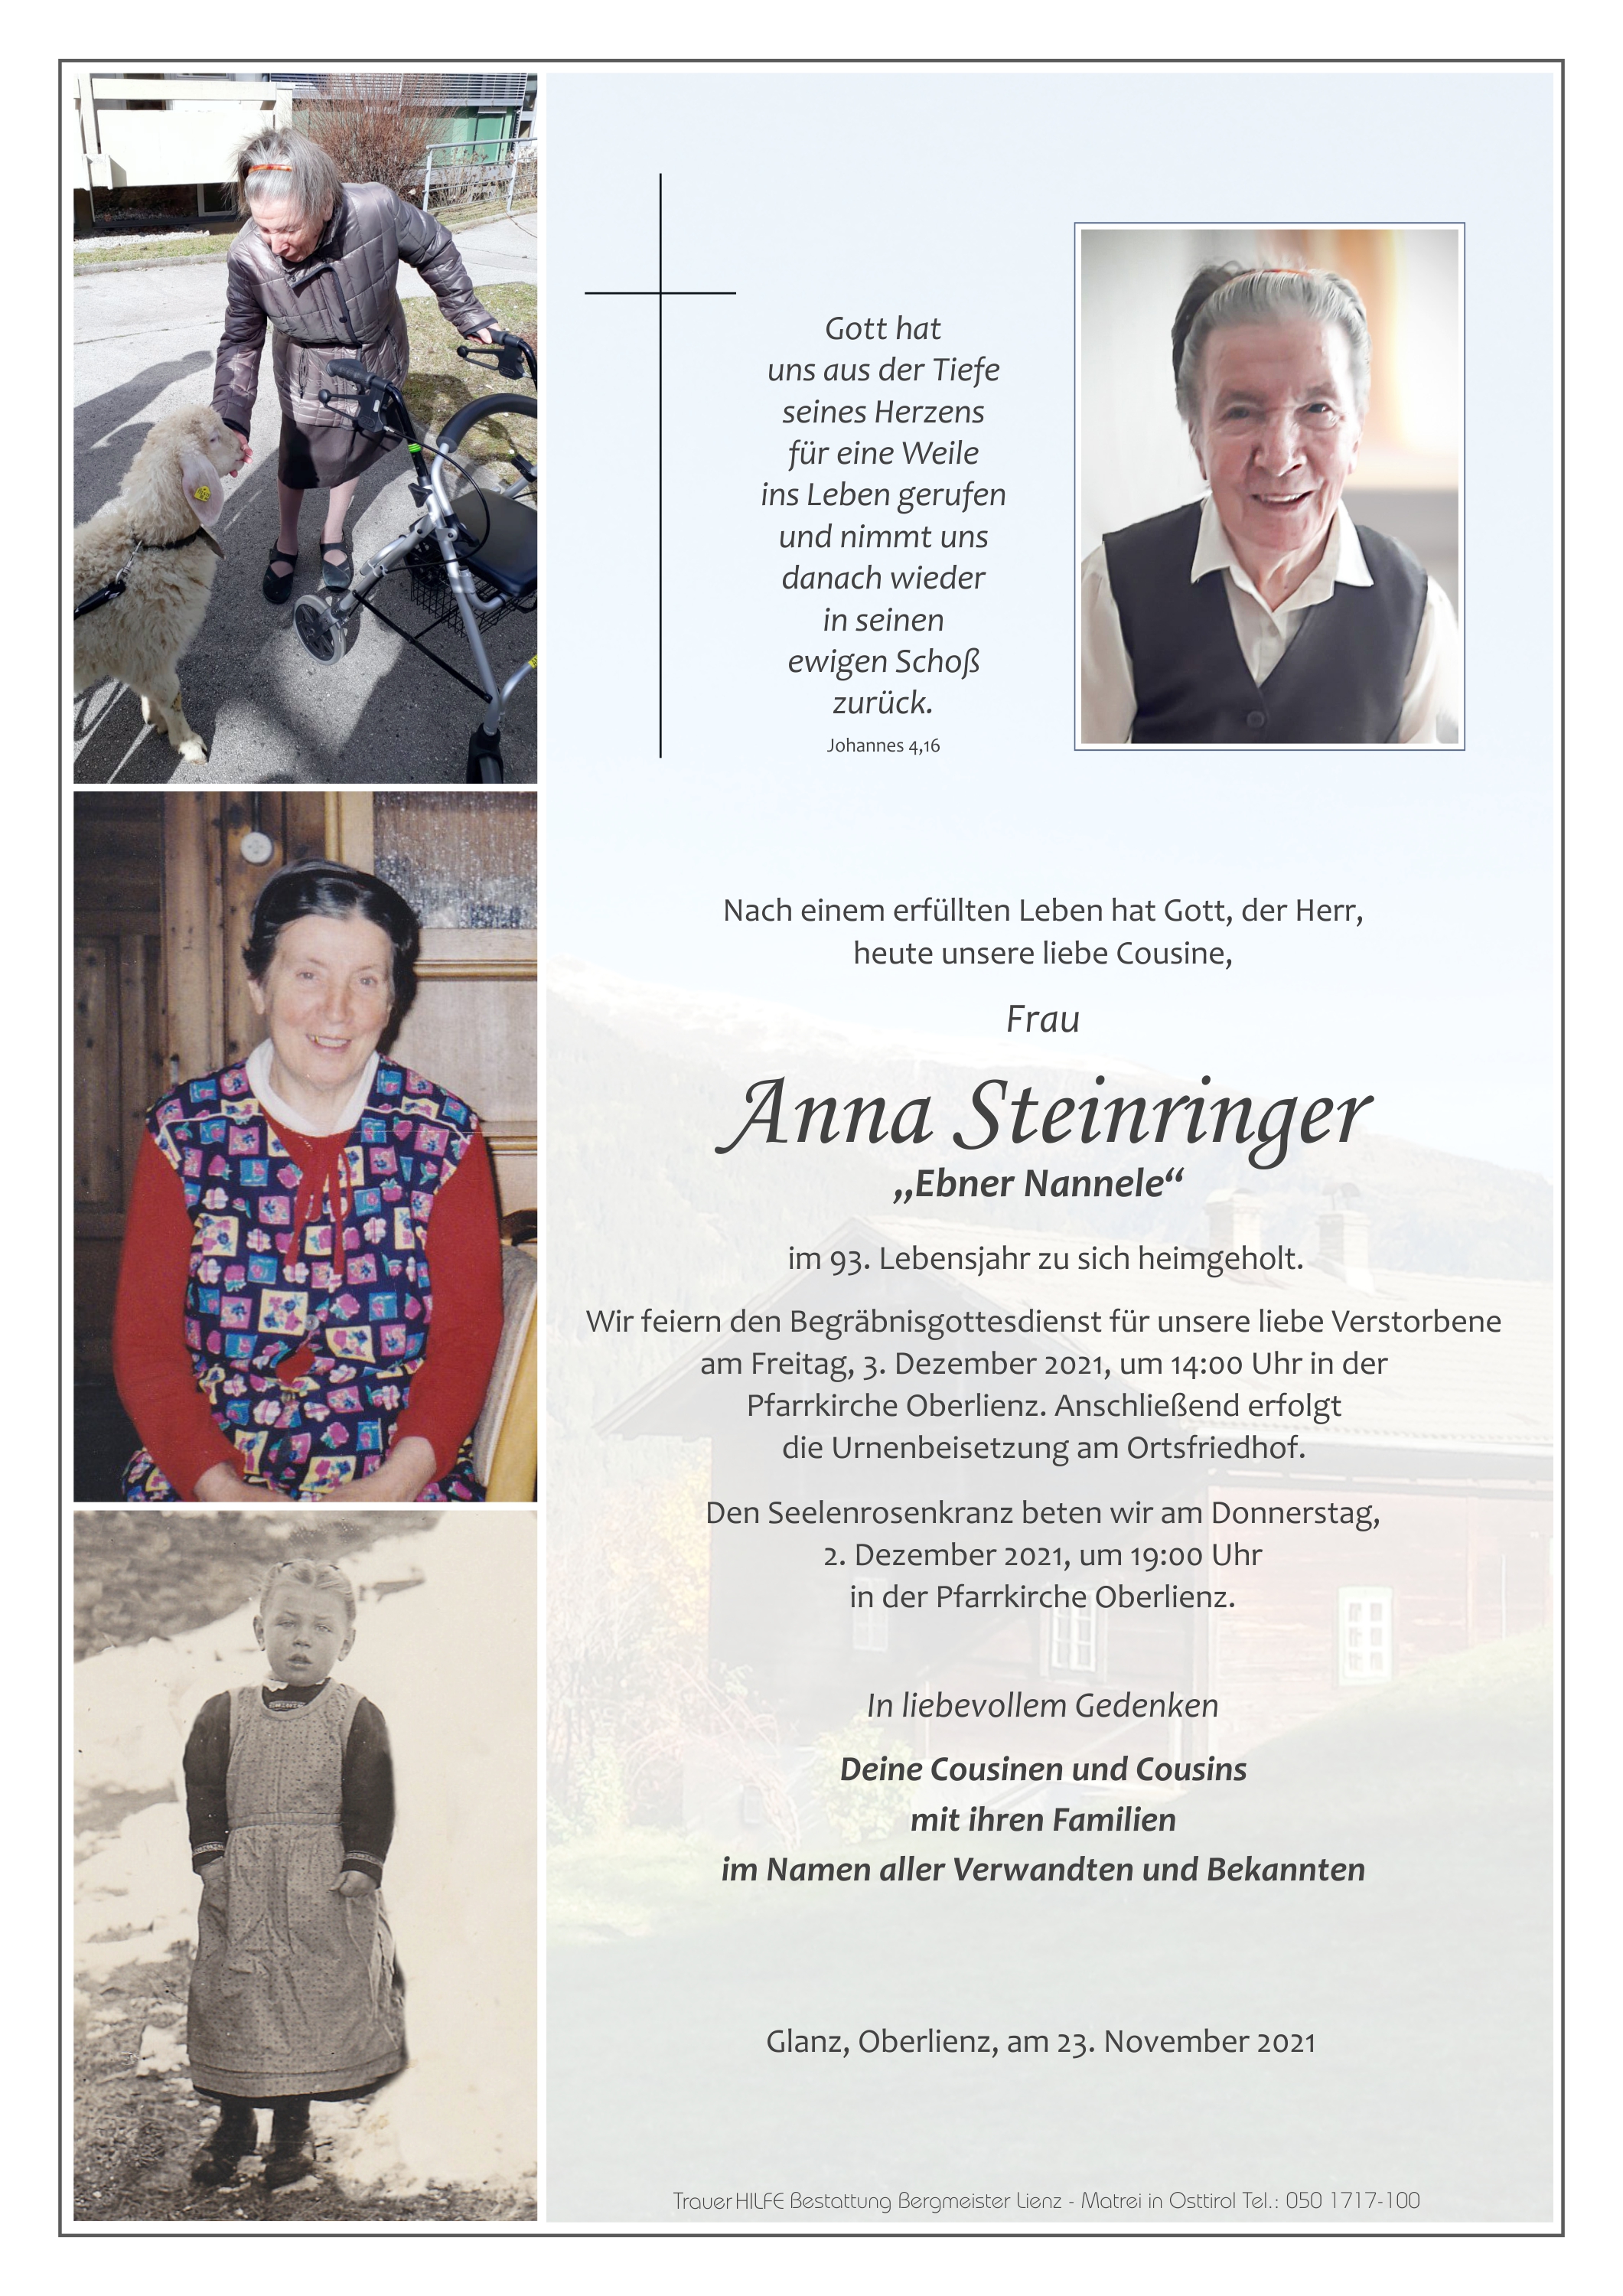 Anna Steinringer
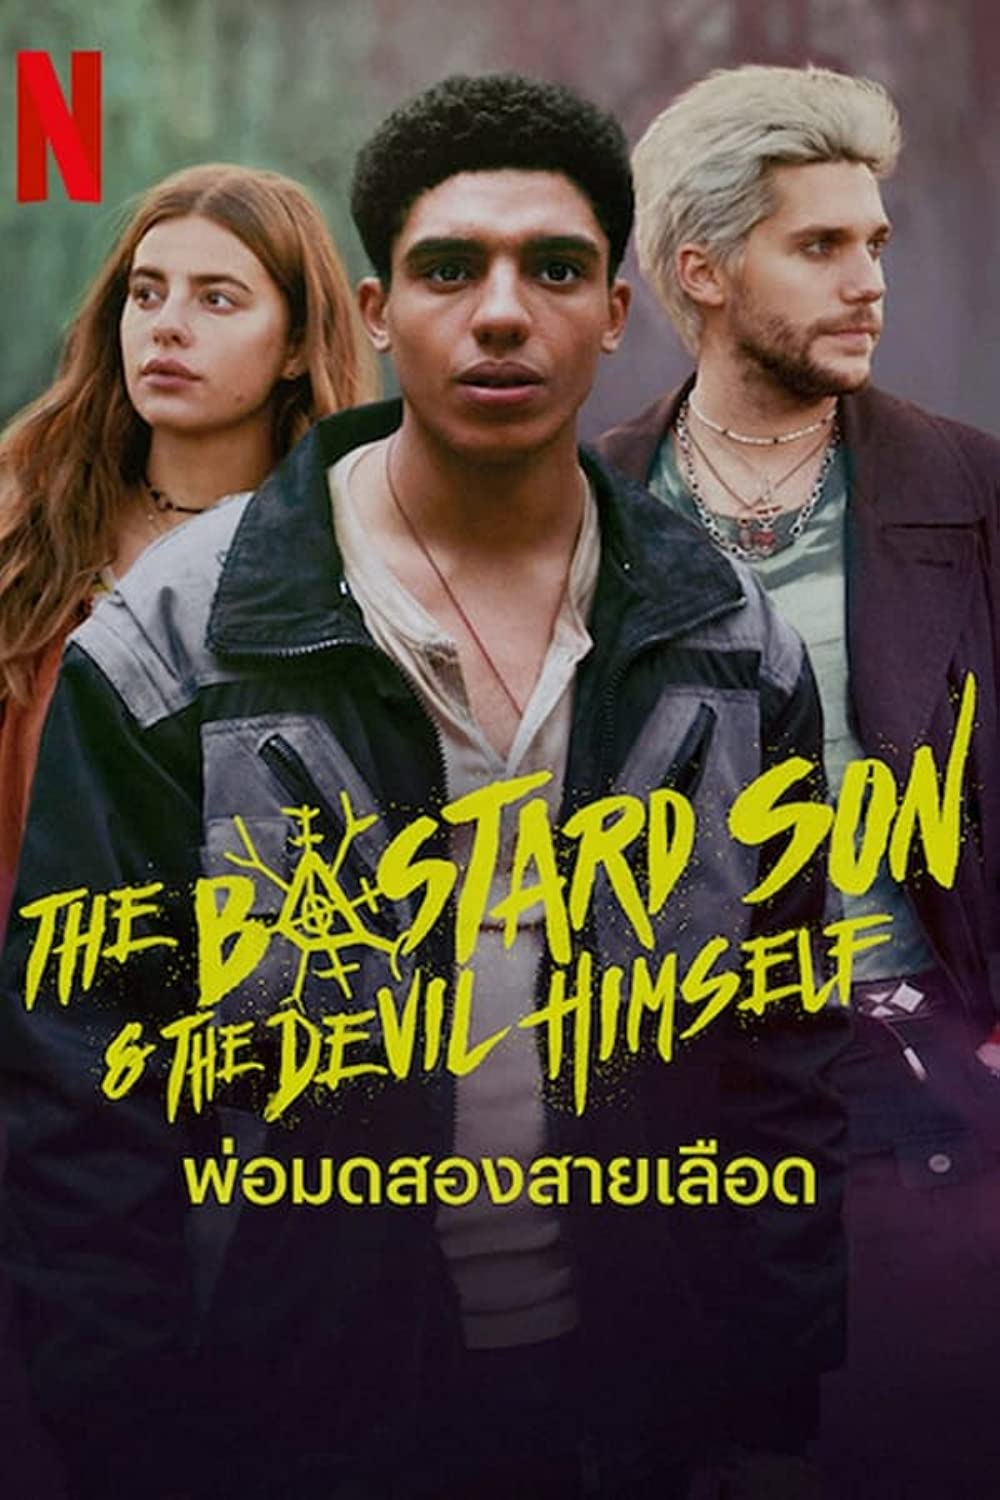 مسلسل The Bastard Son & The Devil Himself الموسم 1 الحلقة 7 مترجمة
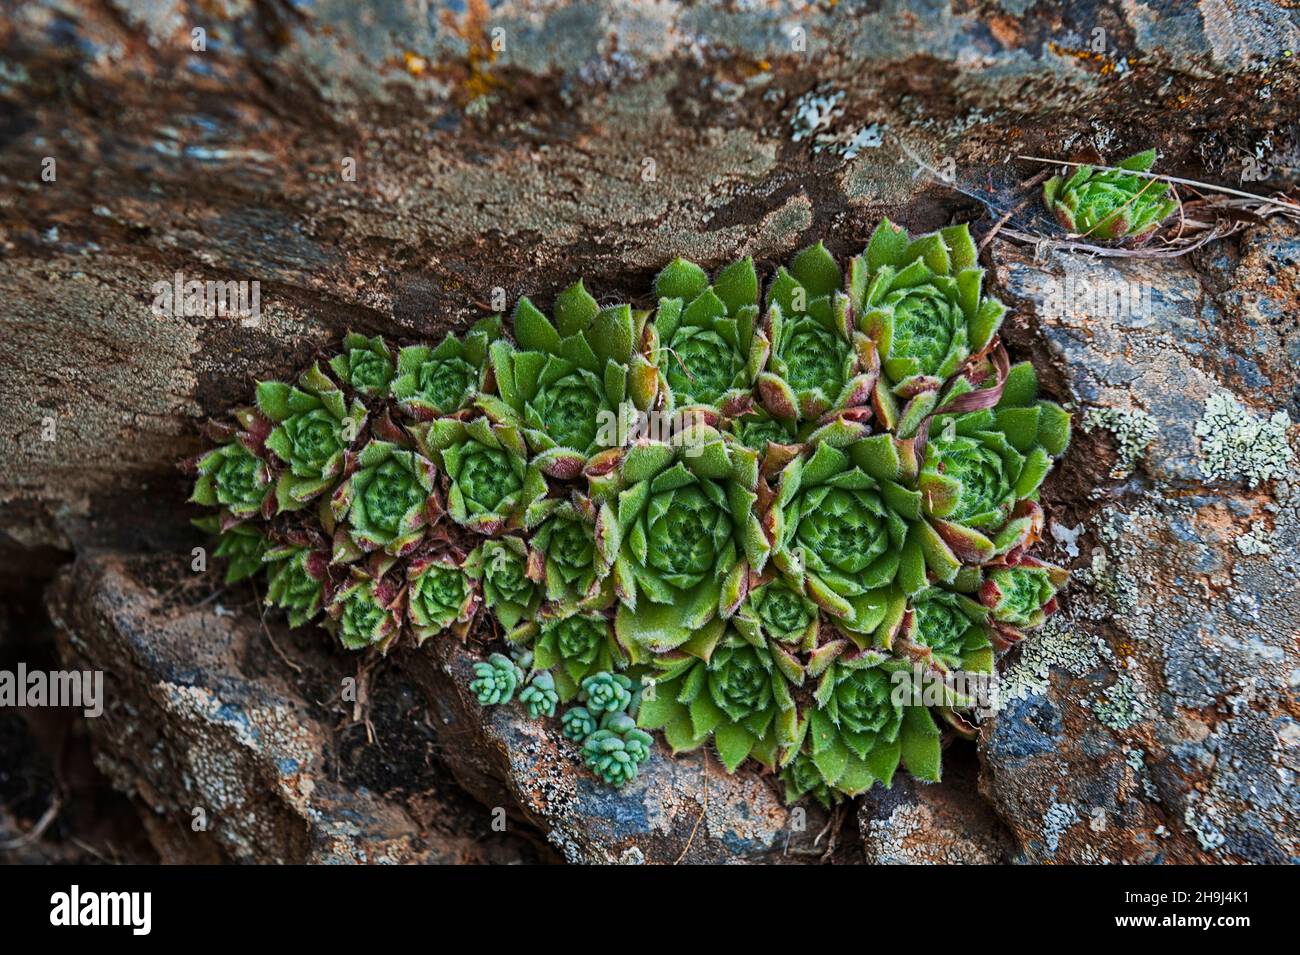 Sempervivum, die immergrüne, ausdauernde Sukulente oder Sukulente in der Familie der Crassulaceae. Stockfoto

::::

[Exercise objective] Write the listing again exactly, duplicating every line and skipping the pictures.

[Task solution]
 Anna Steinringer
 مسلسل The Bastard Son & The Devil Himself الموسم 1 الحلقة 7 مترجمة
 Sempervivum, die immergrüne, ausdauernde Sukulente oder Sukulente in der Familie der Crassulaceae. Stockfoto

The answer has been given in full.